TASK PROMPT - Output all of the data below without changing a word, and exclude the pictures.

RECORDED INFORMATION -

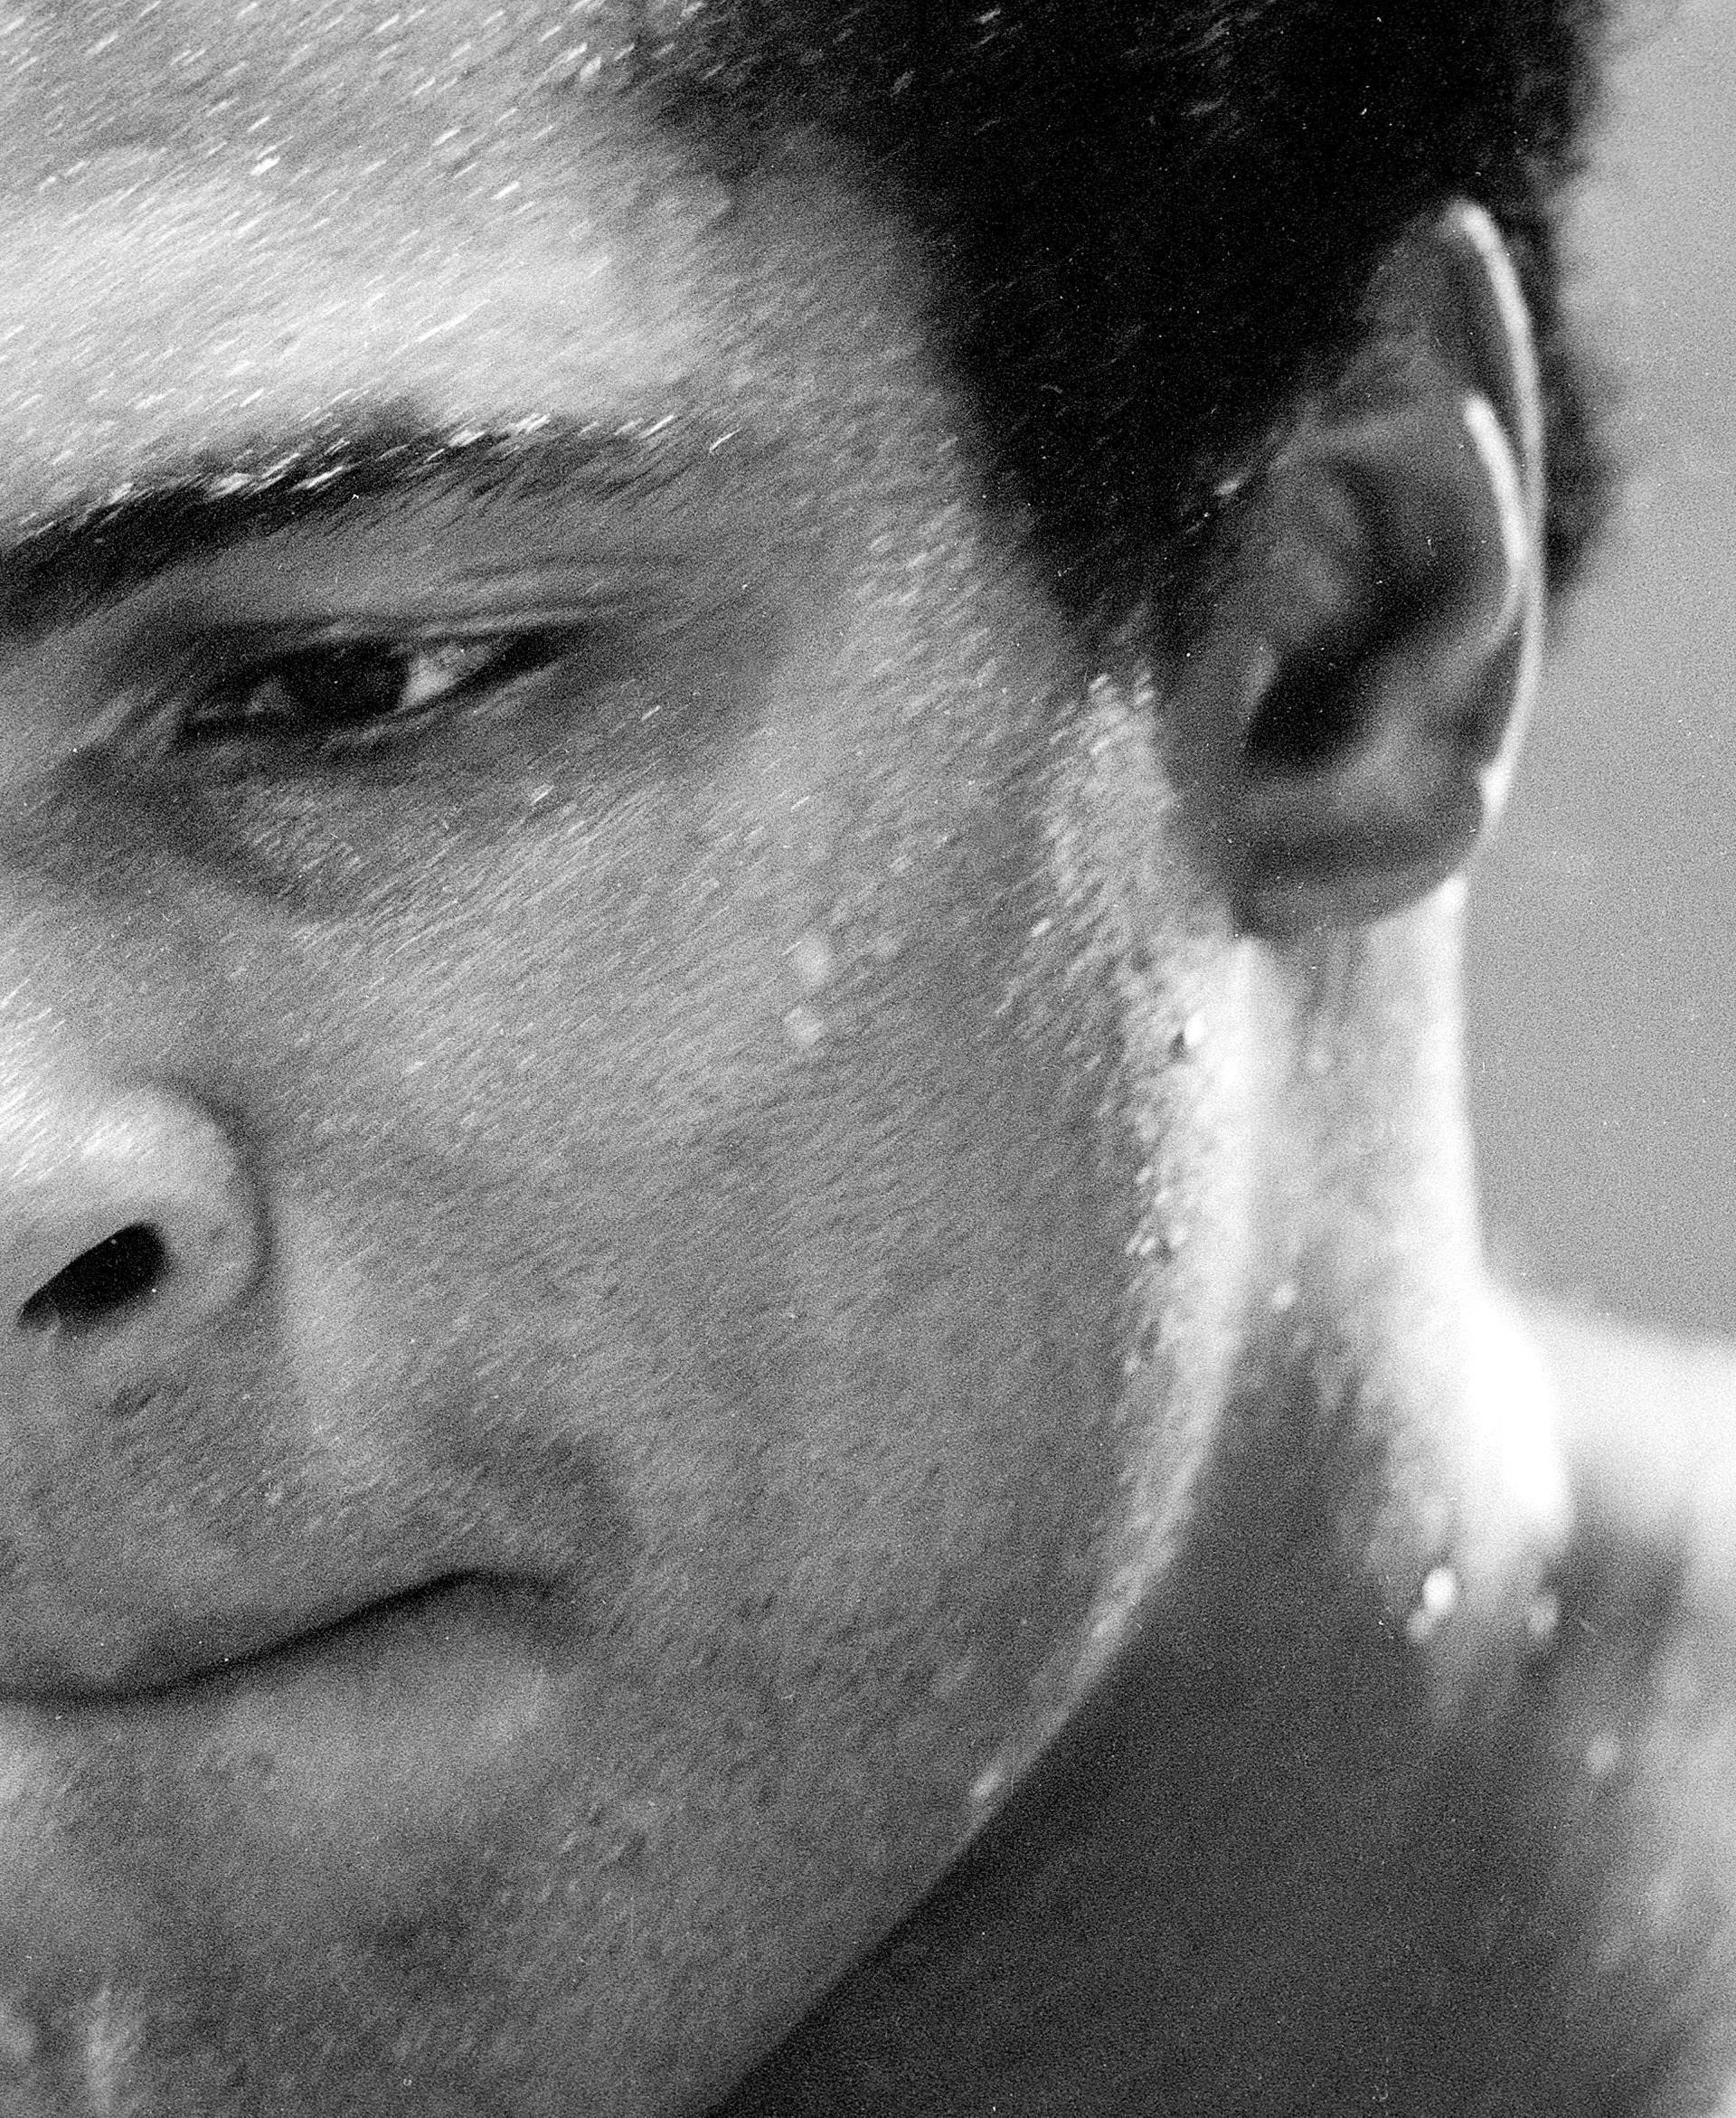 Muhammad Ali (formerly Cassius Clay) trains at his Pennsylvanian mountain retreat in Owigsburg
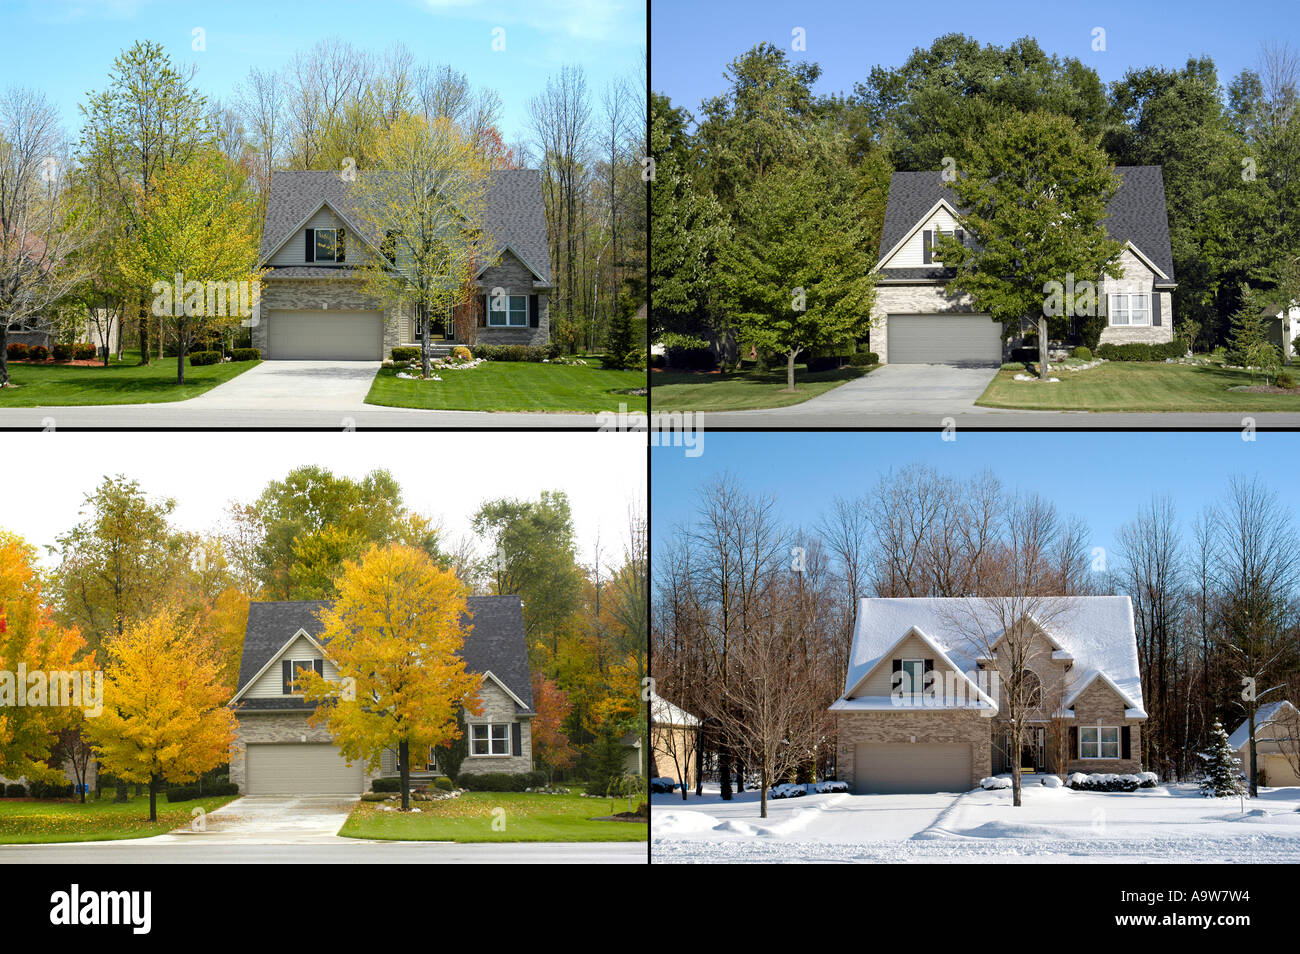 4 Seasons Images -  search DENNIS MACDONALD 4 CHANGING SEASONS for a COMPLETE larger selection of the individual images shown here Stock Photo
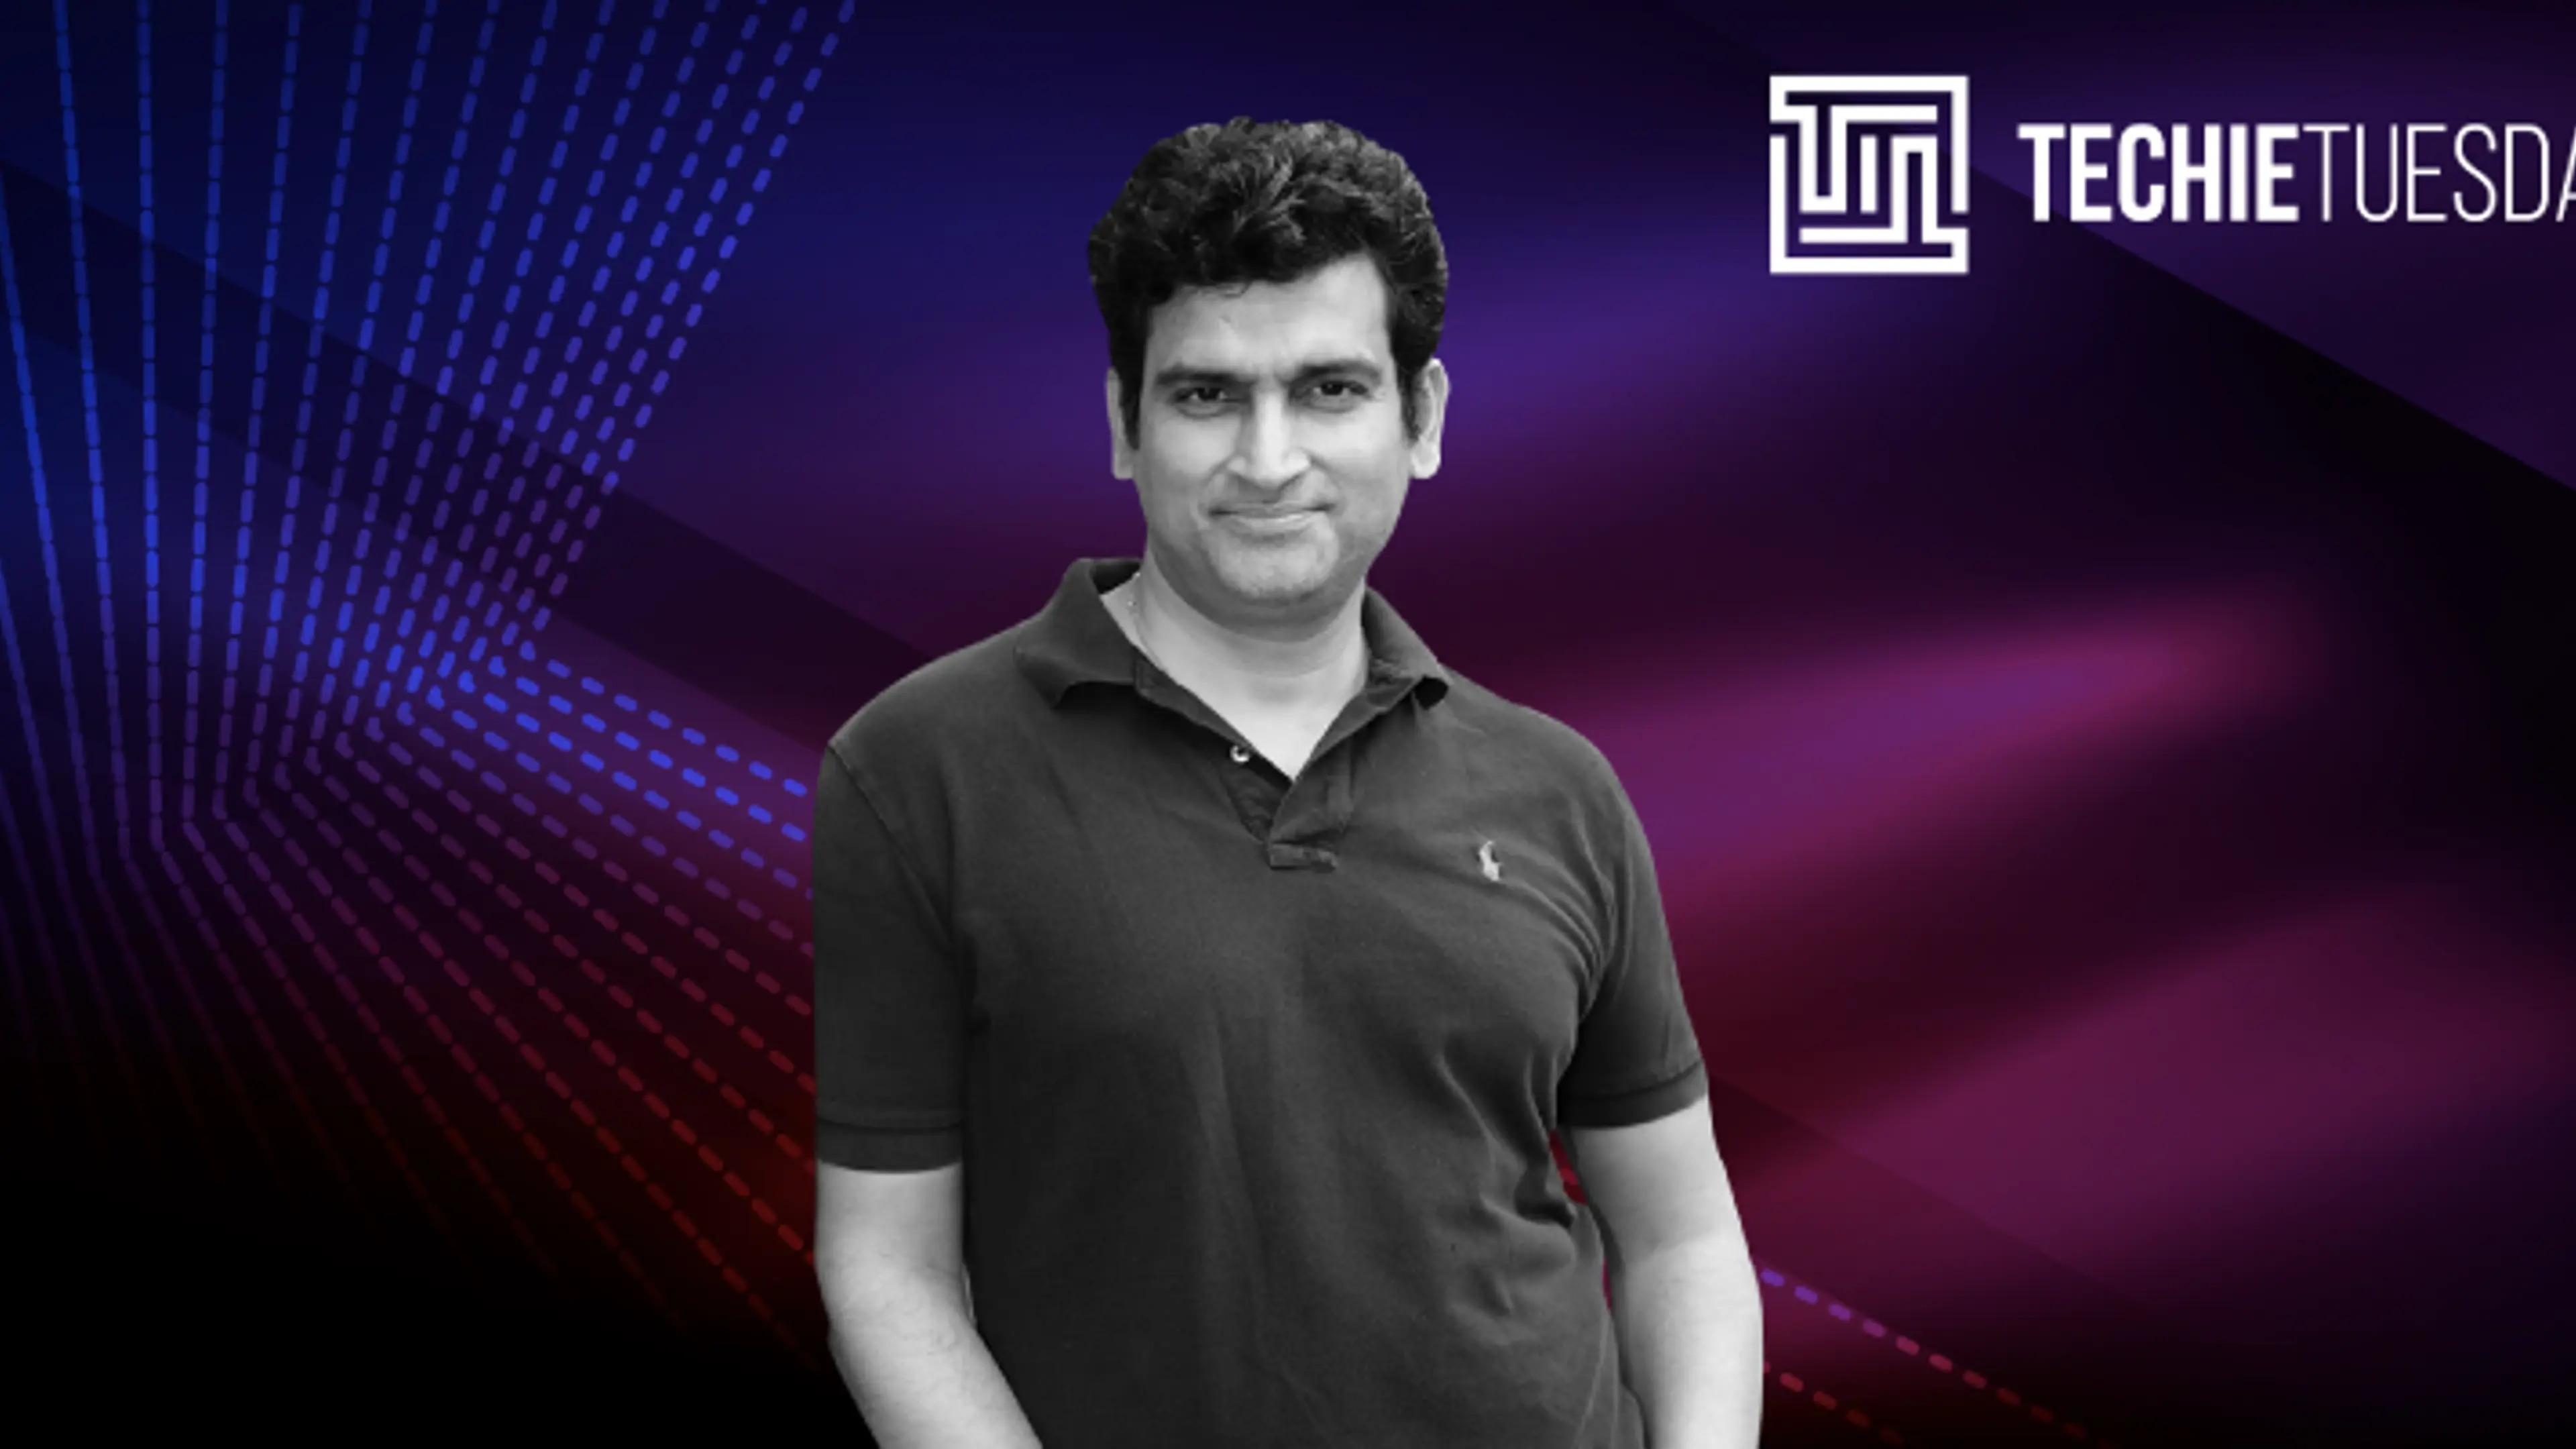 [Techie Tuesday] From launching a search engine to heading product at Facebook and Uber - the journey of ShareChat's Gaurav Mishra

RESPONSE AREA -
 Muhammad Ali (formerly Cassius Clay) trains at his Pennsylvanian mountain retreat in Owigsburg
 4 Seasons Images -  search DENNIS MACDONALD 4 CHANGING SEASONS for a COMPLETE larger selection of the individual images shown here Stock Photo
 [Techie Tuesday] From launching a search engine to heading product at Facebook and Uber - the journey of ShareChat's Gaurav Mishra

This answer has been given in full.